Tangle mugs and stickers!
Tangle mugs and stickers!

Breaking.

President Biden pleaded with Democrats this morning to embrace a $1.85 trillion reconciliation package that would include universal preschool for six million kids, subsidies for child care, and $555 billion for programs to move Americans to electric vehicles and entice utility companies away from gas and coal. The details of plan are still being released, and this is a developing story.


Quick hits.

  1. The U.S. economy slowed to a 2% growth rate last quarter, well below the 2.6% predicted by economists. (The numbers)
  2. Democrats dropped a paid family and sick leave proposal from their reconciliation bill in order to reduce its overall cost. (The decision)
  3. Iran said it will return to talks on a nuclear deal in Vienna next month. (The negotiations)
  4. The U.S. issued its first-ever passport with 'X' gender designation for people who don't identify as male or female. (The passport)
  5. A judge rejected a request from New York City police officers to stop a vaccine mandate for cops. (The ruling)

Today's topic.

The billionaire tax. Earlier this week, Democrats released a new proposal that they said will help them pay for their infrastructure and reconciliation bills: A billionaire income tax (BIT). The legislation was drafted by Senate Finance Committee Chairman Ron Wyden (D-OR), who said the new bill would impact about 700 billionaires who earn "over $100 million in annual income for three consecutive years or who have more than $1 billion in assets," according to CNBC. Wyden says the changes would raise hundreds of billions of dollars in new revenue.

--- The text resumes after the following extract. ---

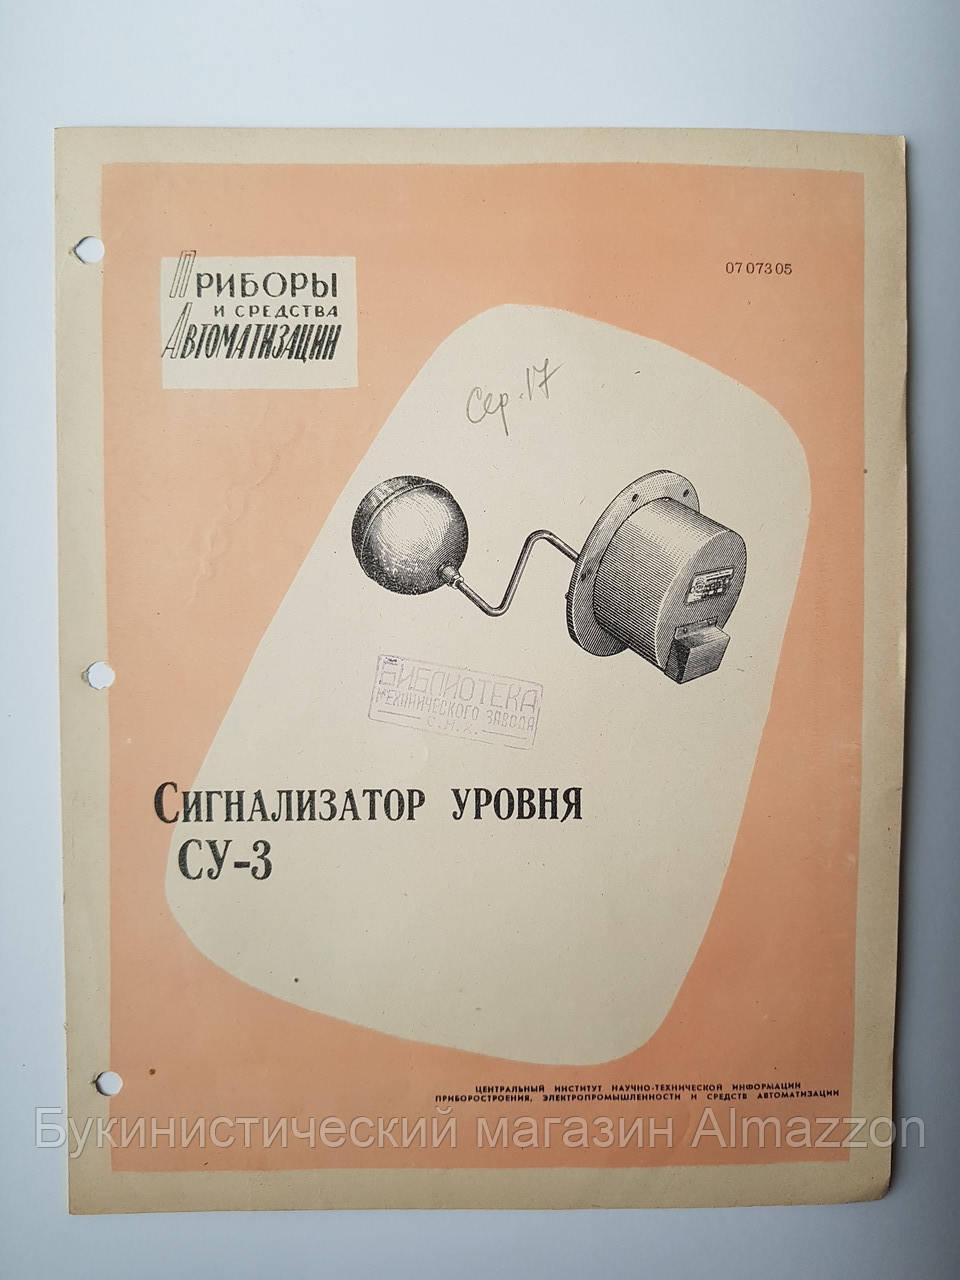 "Журнал (Бюллетень) ""Сигнализатор уровня СУ-3  07073.05"" 1962 г., фото 1"

How it would work: Right now, investors pay capital gains taxes when they sell an investment and realize a gain. Many investors avoid this tax by holding onto investments until they die and then passing those investments onto their heirs without ever paying capital gains taxes. While holding onto the investment, they can borrow money against their investment portfolio without selling anything off — the low-interest loans they take out can't be taxed and aren't reported as income.

Wyden tries to address this tax disparity by eliminating these loopholes and making billionaires pay taxes on the gains or take a deduction for a loss for the tradable assets they're holding on to, whether they sell them or not.

Via CNBC:

It would not apply to assets like real estate or a business interest, which would be taxed as capital gains when they are sold or transferred to someone else, or when the owner dies. Owners would also be charged interest. That could mean some very large tax bills for a few households. In a simple example, if an impacted taxpayer had $1 billion in tradable assets that grew to $2 billion over the course of one year, they would pay $238 million in taxes at the 20% top capital gains rate plus the 3.8% net investment income tax.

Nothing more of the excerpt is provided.